Interstitial Cystitis/Painful Bladder Syndrome(IC/PBS) is a chronic inflammation of the urinary bladder, consisting of irritative voiding symptoms; frequent and urgent urination and pain referred to the pelvic region or the bladder upon filling, lack of other pathology. The pathophysiology of interstitial cystitis (IC) is enigmatic. The impaired urothelium of bladder and autoimmunity might lead the underlying pathology. One of the shortcomings in IC/PBS research has been the lack of an appropriate animal model.

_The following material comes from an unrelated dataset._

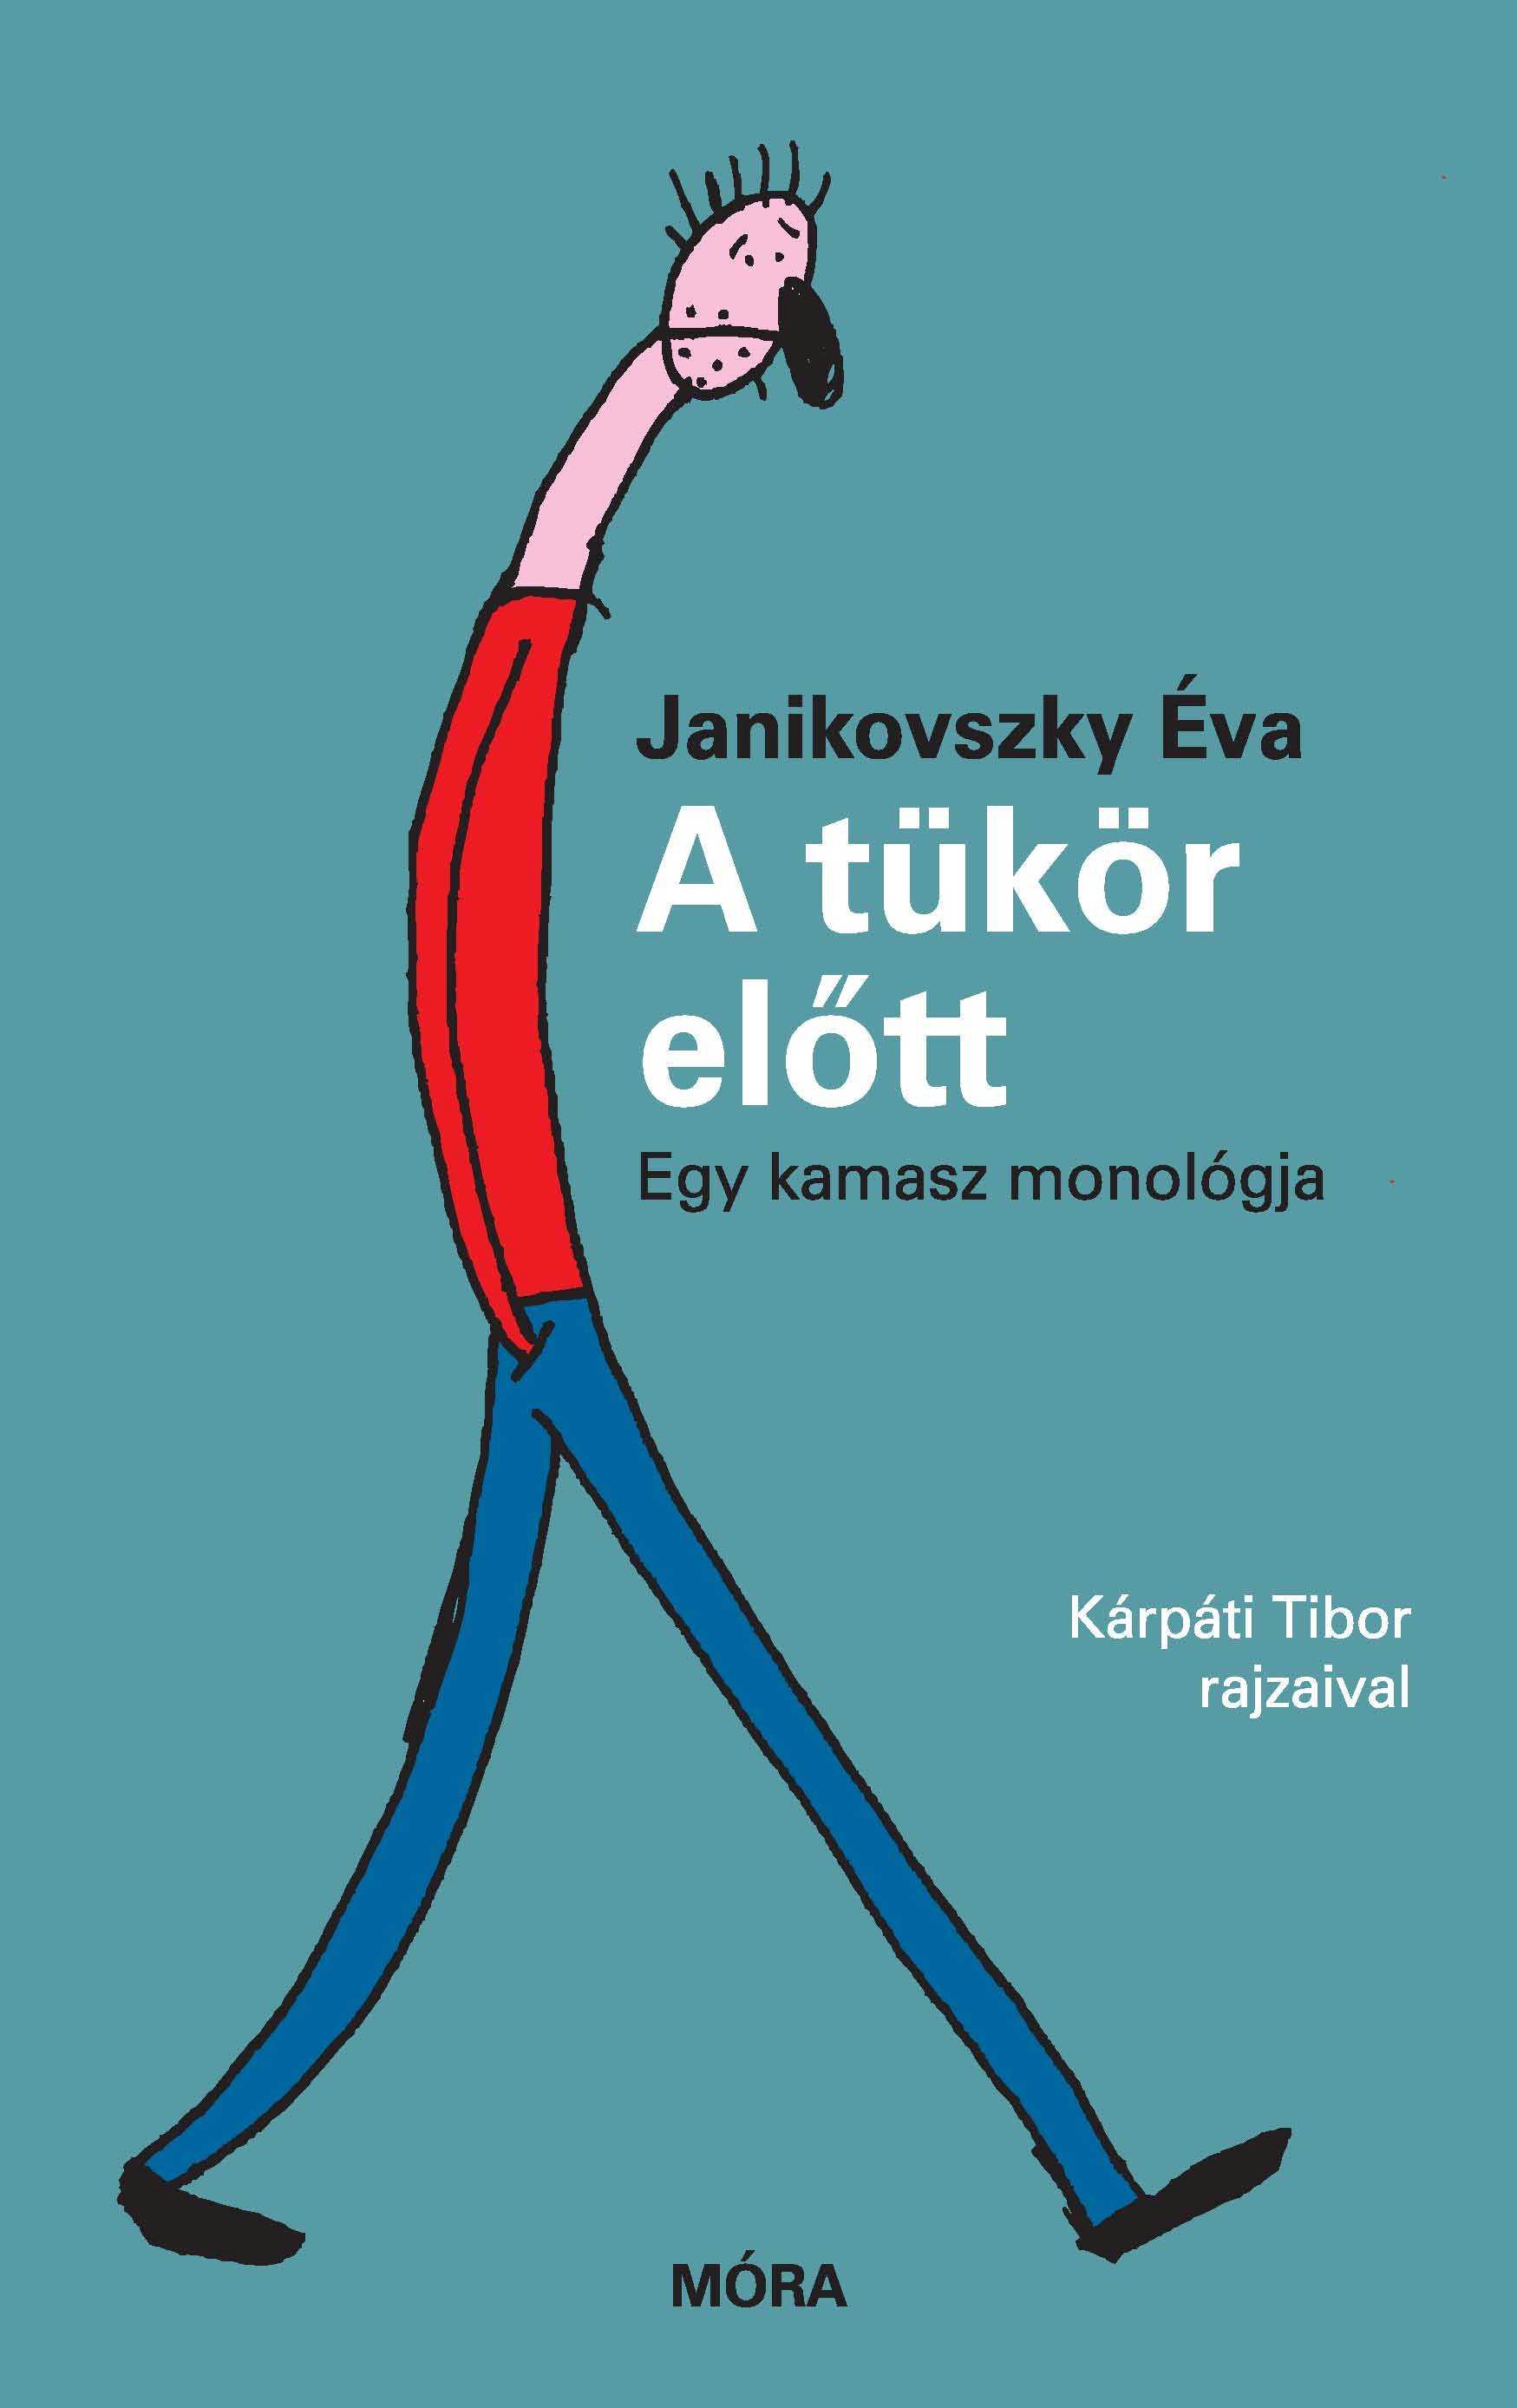 Janikovszky Éva - A tükör előtt - egy kamasz monológja

In the current study, we show that the bladder specific Uroplakin 3A (UPK3A)-derived immunogenic UPK3A 65-84 peptide is capable of targeting experimental autoimmune cystitis (EAC) in BALB/c mice. We determined an immunogenic peptide from the known sequence of UPK3A based on having the binding motif for IAd MHC class II molecules expressed in BALB/c mice. The highly antigen-specific proliferative response to UPK3A 65-84 was determined by proliferation assays. Active immunization with the UPK3A 65-84 peptide resulted in increased micturition frequency and decreased urine output per micturition by FVC along with the increased pelvic pain response to von Frey Filaments, and decrease intercontractile intervals, bladder compliance and bladder capacity in CMG after 5 weeks of immunization compared to control group.
The recall responses of LNC to UPK3A 65-84 showed selectively activated CD4+ T-cells with a proinflammatory Th1-like phenotype. Immunocytochemical analysis showed that immunization with UPK3A 65-84 peptide resulted in T-cell infiltration of the bladder. The ratio of bladder weight to body weight was increased in EAC mice simply showing bladder inflammation. The elevated gene expression levels of TNF-α, IFN-γ, IL-17A, and IL-1β were confined to the bladder but not in other organs. T-cell induction of EAC was identified by showing significantly increased micturition frequency and decreased output per micturition by FVC along with the increased pelvic pain response to von Frey monofilament stimulus after adoptive transfer of peptide-activated CD4+ T-cells into naïve BALB/c hosts.
Our study provides the creation of an advanced and more specific EAC model manifesting all three major phenotypes of IC/PBS by inoculation of mice with, and eliciting an immune response to, tissue specific peptide derived from the Uroplakin of the bladder urothelium. These findings qualify this animal model as a contemporary model for future exploration of pathogenesis and therapeutic intervention of IC/PBS.